Published: 2019-12-31 11:18
Last Updated: 2019-12-31 12:51
The Leviathan natural gas field began operating this morning after receiving the final approval from the Israeli occupation's Ministry of Environmental Protection on Monday night, Reuters reported.
Israel’s largest energy project started production on Tuesday, paving the way for multi-billion dollar natural gas export deals with Egypt and Jordan to begin in the coming weeks.
Noble Energy and Israel’s Delek Drilling and Ratio Oil announced that operations had commenced, effectively doubling the amount of Israeli-produced gas. The partners invested about $3.6 billion to develop Leviathan.

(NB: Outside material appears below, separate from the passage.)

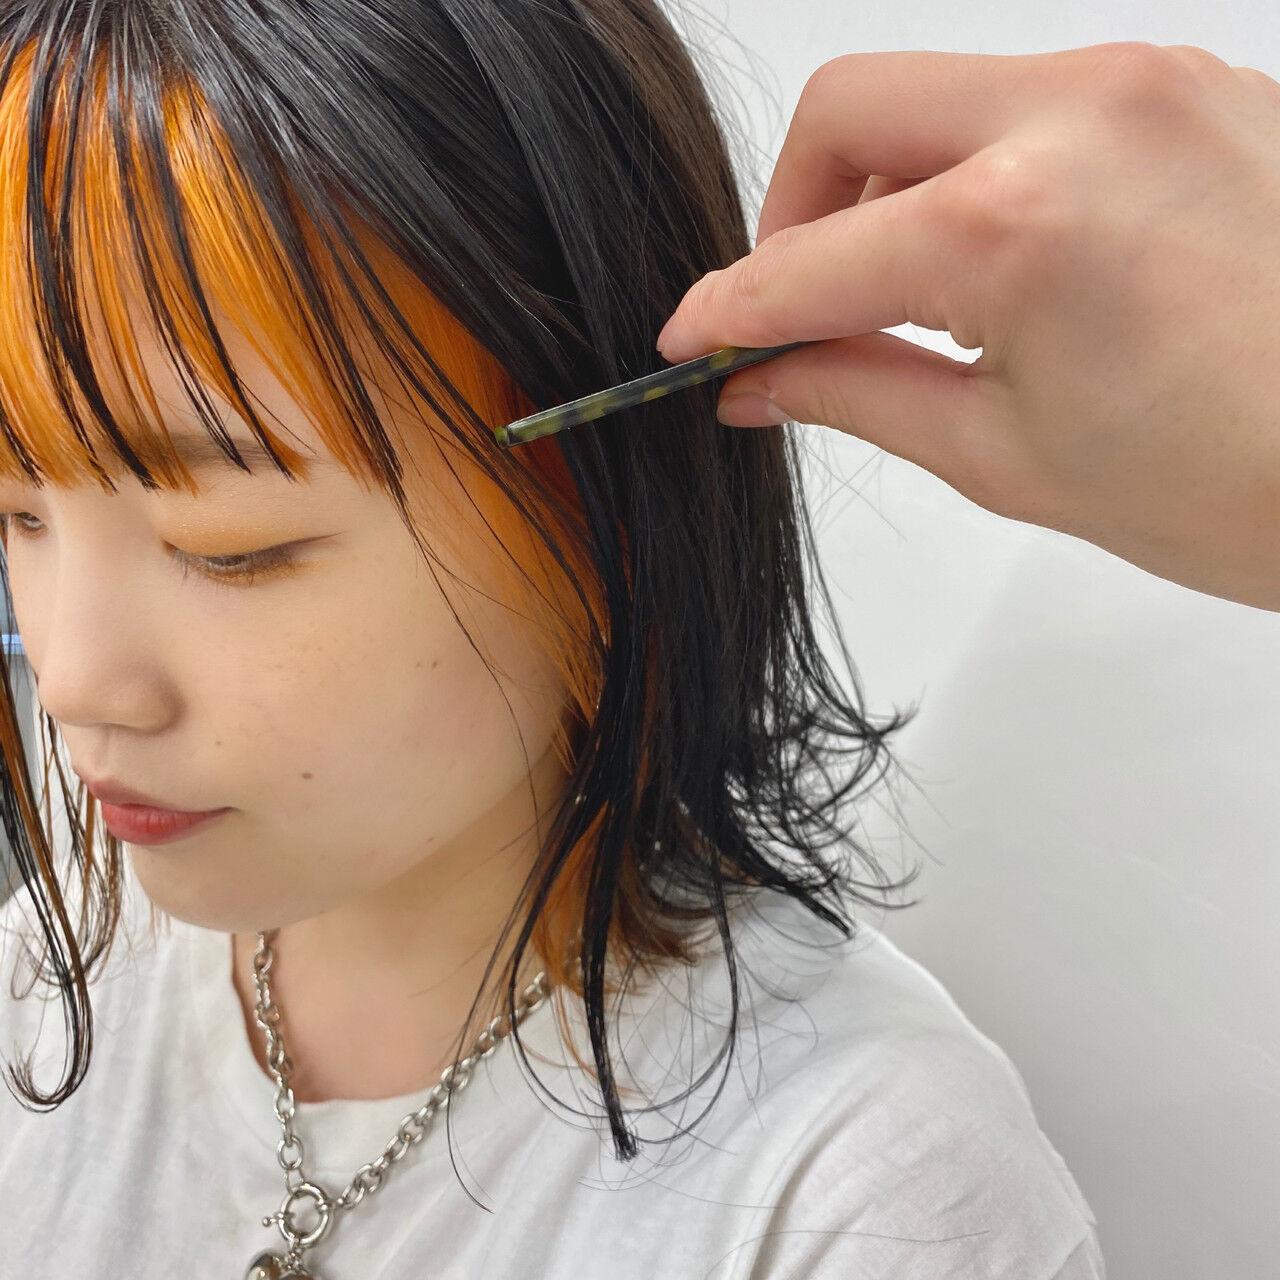 ナチュラル モテボブ 切りっぱなしボブ ボブヘアスタイルや髪型の写真・画像
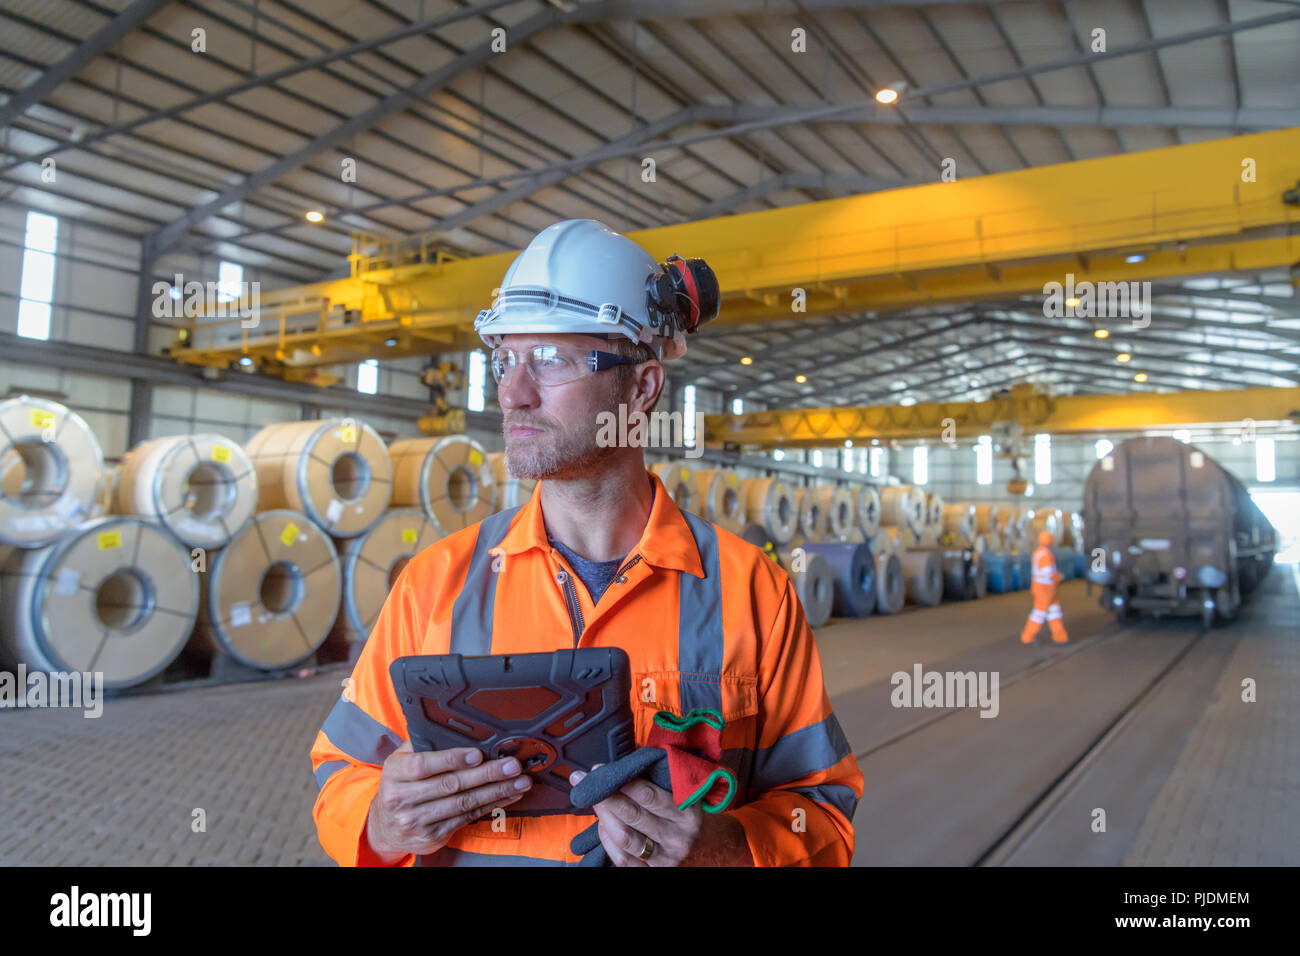 Lavoratore con tavoletta digitale da righe di foglio di acciaio in deposito a porto Immagini Stock

A portion of this field's gas will later be exported to Jordan and Egypt via pipelines.
The Leviathan gas field is located 130 kilometers west of the port city of Haifa, and at a depth of 1,700 meters.
Last week, the Israeli occupation’s Environmental Protection Ministry temporarily postponed the start of production at the offshore Leviathan gas field and the project’s partners said they were working with the ministry to bring the field online within a few days.
Leviathan was supposed to begin operations On December 24, but the ministry, which monitors emissions from the project, said at the last minute it needed to receive extra data from the energy companies running the field.
The Jordan National Electricity Company had signed a gas agreement with the US Noble Energy for the transfer of Israeli gas from Leviathan natural gas field, where the gas is scheduled to be exported to Jordan at the beginning of 2020 despite the popular and parliamentary protests against normalization with the occupying entity in refusal of the Jordan-Israel gas agreement.